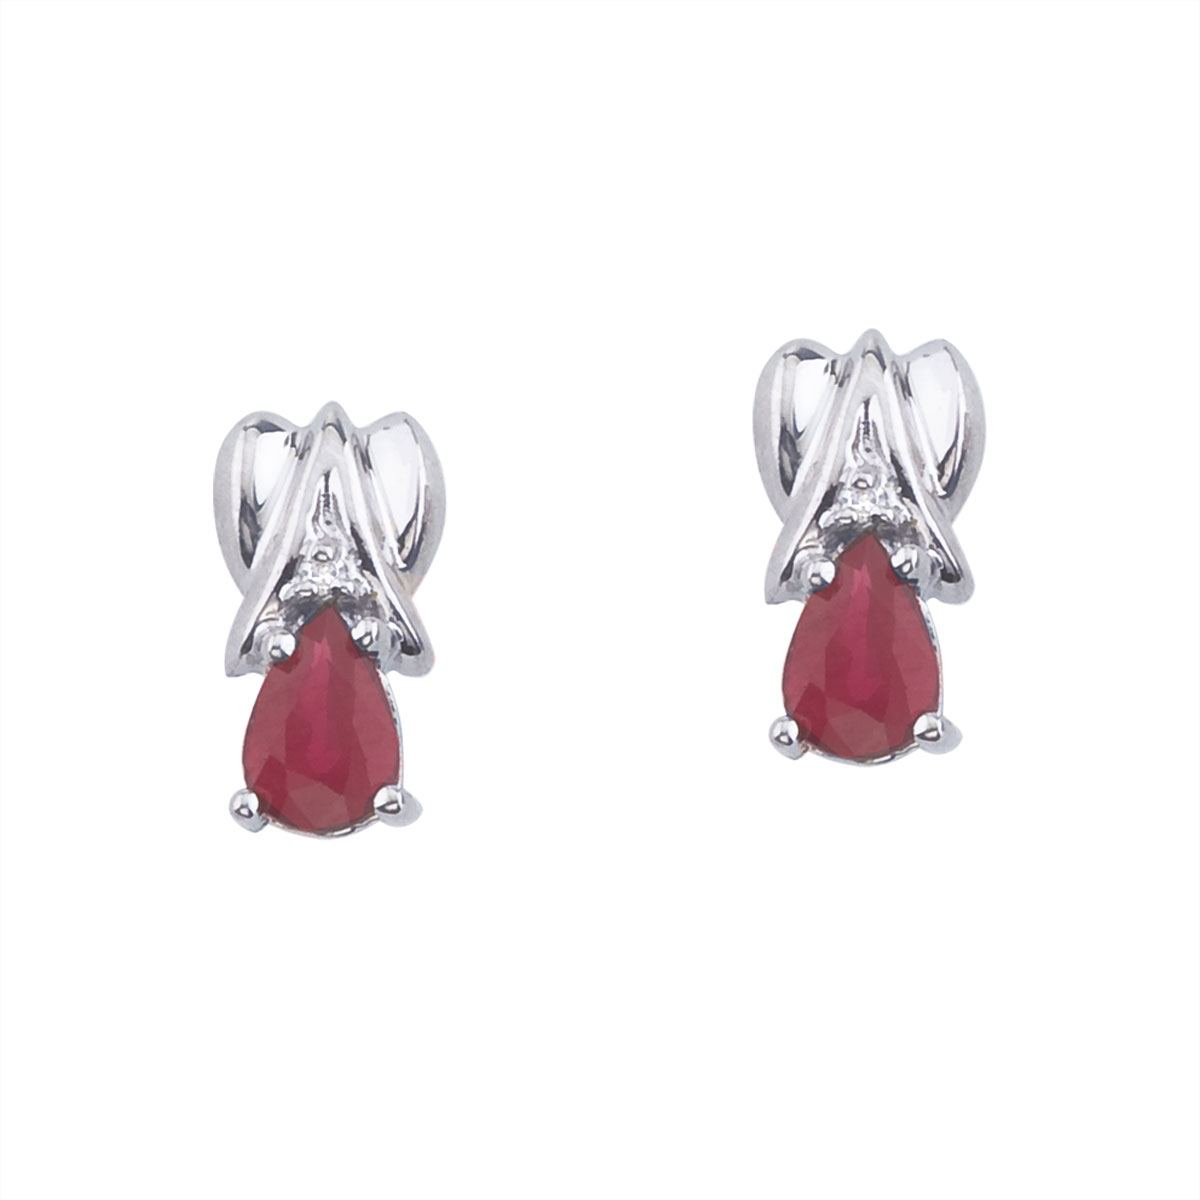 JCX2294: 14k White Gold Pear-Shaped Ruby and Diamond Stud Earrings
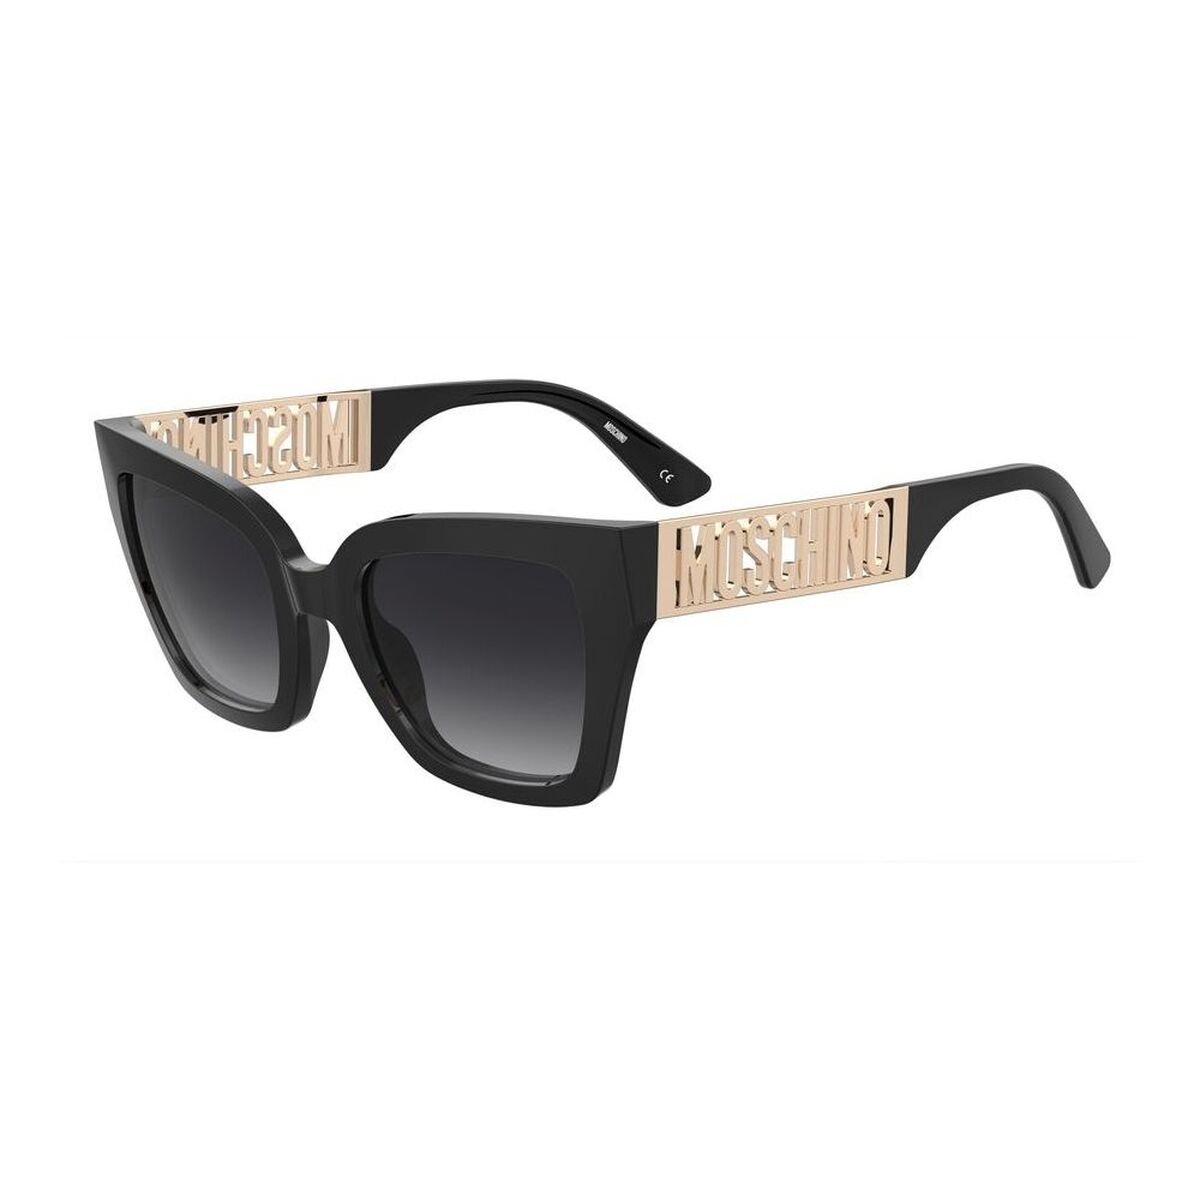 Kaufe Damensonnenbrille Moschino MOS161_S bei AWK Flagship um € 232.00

---

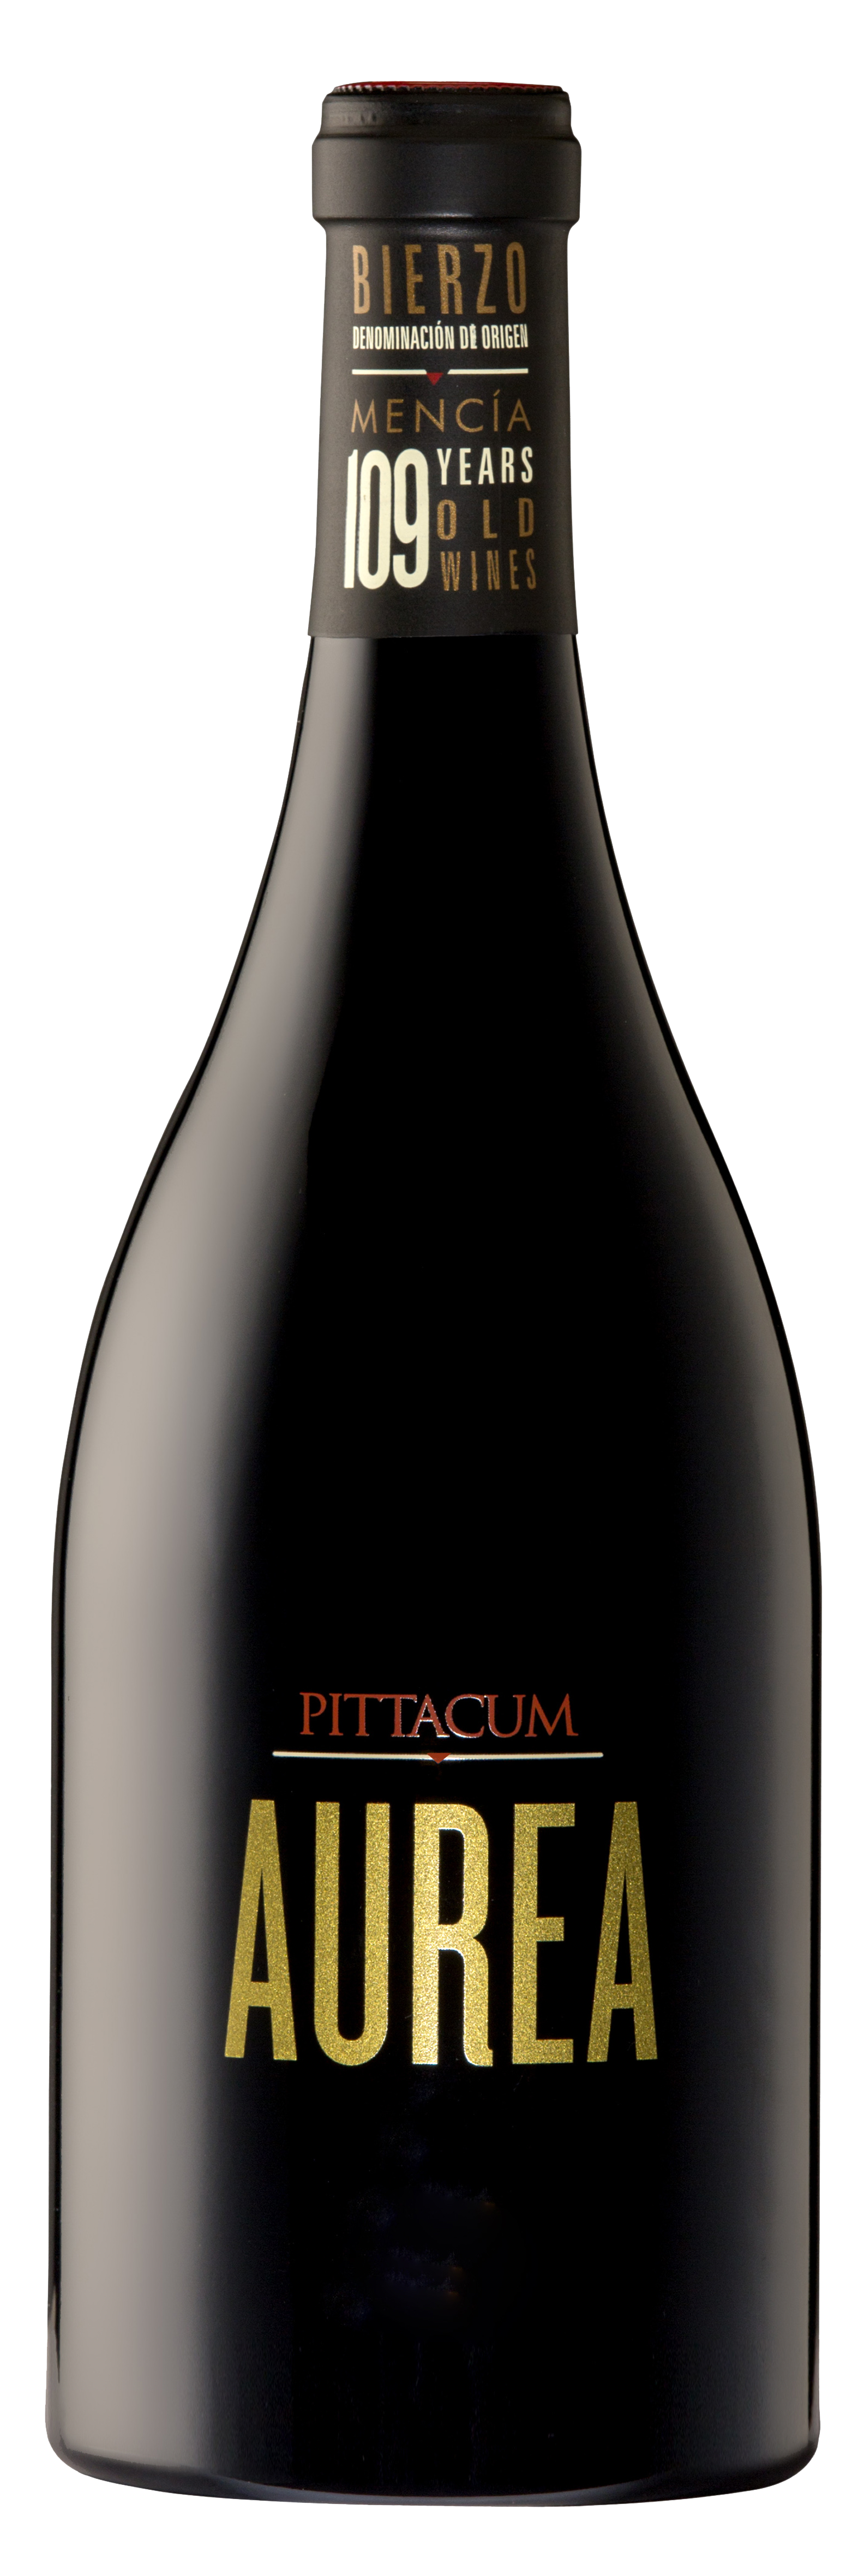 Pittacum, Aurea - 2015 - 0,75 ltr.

▶ **What is being asked**
What you need to produce is an exact copy of the entries above, limited to the lines from the one with "JCX2294: 14k White" up to and including the one with "Kaufe Damensonnenbrille Moschino", without pictures.

▶ **Exercise answer**
 JCX2294: 14k White Gold Pear-Shaped Ruby and Diamond Stud Earrings
 Kaufe Damensonnenbrille Moschino MOS161_S bei AWK Flagship um € 232.00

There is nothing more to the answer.